Yeah it looks like troute.config
is not being installed by t-routes install script. You can installed it with:
pip install "git+https://github.com/noaa-owp/t-route@master#egg=troute_config&subdirectory=src/troute-config"
Sorry, was AFK. Just looked at the install script and it looks like it should be installing troute.config
.
@robertbartel, are you checking out a specific commit or branch?
I may have the issues fixed in the image to get t-route working, though now I am running into some peculiar configuration validation errors:
terminate called after throwing an instance of 'pybind11::error_already_set'
what(): ValidationError: 5 validation errors for Config
compute_parameters -> data_assimilation_parameters -> streamflow_da -> lastobs_output_folder
extra fields not permitted (type=value_error.extra)
compute_parameters -> data_assimilation_parameters -> streamflow_da -> wrf_hydro_lastobs_file
extra fields not permitted (type=value_error.extra)
compute_parameters -> data_assimilation_parameters -> reservoir_da -> gage_lakeID_crosswalk_file
extra fields not permitted (type=value_error.extra)
compute_parameters -> data_assimilation_parameters -> reservoir_da -> reservoir_persistence_usace
extra fields not permitted (type=value_error.extra)
compute_parameters -> data_assimilation_parameters -> reservoir_da -> reservoir_persistence_usgs
extra fields not permitted (type=value_error.extra)
@yuqiong77 provided the original config I was using for testing. I don't have enough experience with t-route to sanity check things beyond ~not seeing these "extra fields" in the t-route config documentation~ (correction, they are in the example file ... I'll need to dig some more on that), but they are specific enough for me to remain a bit uncertain.
Regardless, I am at least going to tweak the configuration and run tests until I get a successful job completion.

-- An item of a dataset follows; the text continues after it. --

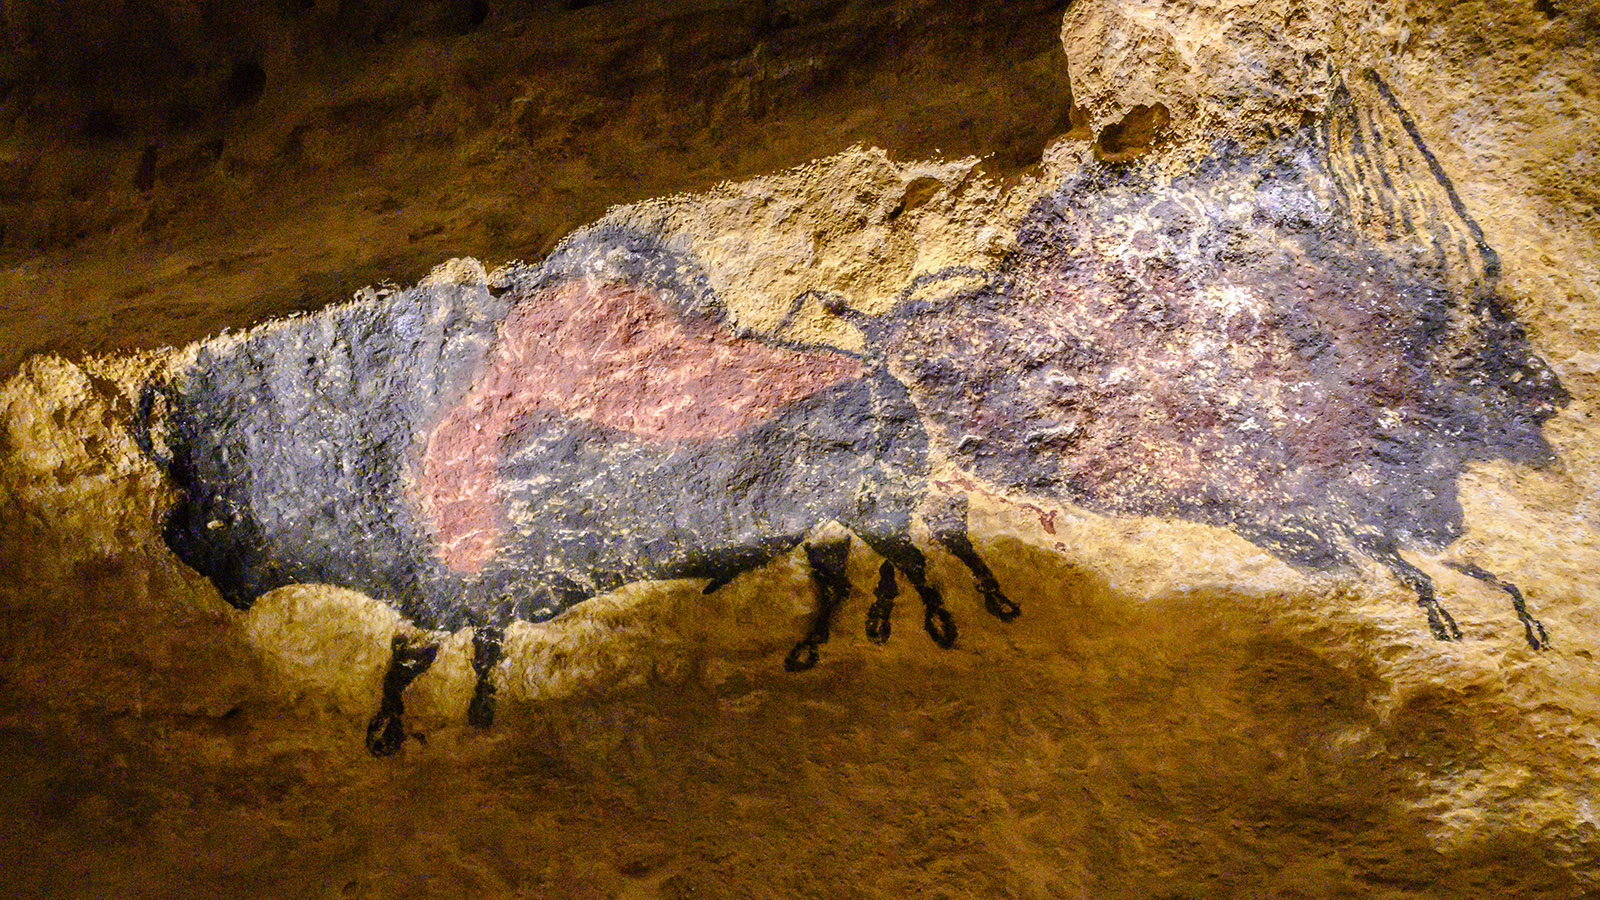 Die Höhle Lascaux IV. Foto: Hilke Maunder

Happy New Year! I'm pressed for time to complete some multi-year streamflow simulation runs (either within the ngen image Bobby has helped build or as an post-processing step) for my AMS presentation. My sincerest thanks to you all for looking into the t-route issue.
I'm going to put together at least a draft PR for this to build images for @yuqiong77, but I'm still running into an error. It does appear to be a more t-route-specific problem - perhaps still related to the configuration - and not one with the image.
terminate called after throwing an instance of 'pybind11::error_already_set'
what(): AttributeError: 'NoneType' object has no attribute 'get'
At:
/usr/local/lib64/python3.9/site-packages/troute/HYFeaturesNetwork.py(32): read_geopkg
/usr/local/lib64/python3.9/site-packages/troute/HYFeaturesNetwork.py(154): read_geo_file
/usr/local/lib64/python3.9/site-packages/troute/HYFeaturesNetwork.py(253): __init__
/usr/local/lib/python3.9/site-packages/nwm_routing/__main__.py(80): main_v04
Doing some limited checking, it looks like this is implying data_assimilation_parameters
are None
from the start, but there is at least something configured (and uncommented) in that section of the t-route config file I'm using. Again, we've gone outside my expertise, and perhaps the configuration simply needs some adjustment.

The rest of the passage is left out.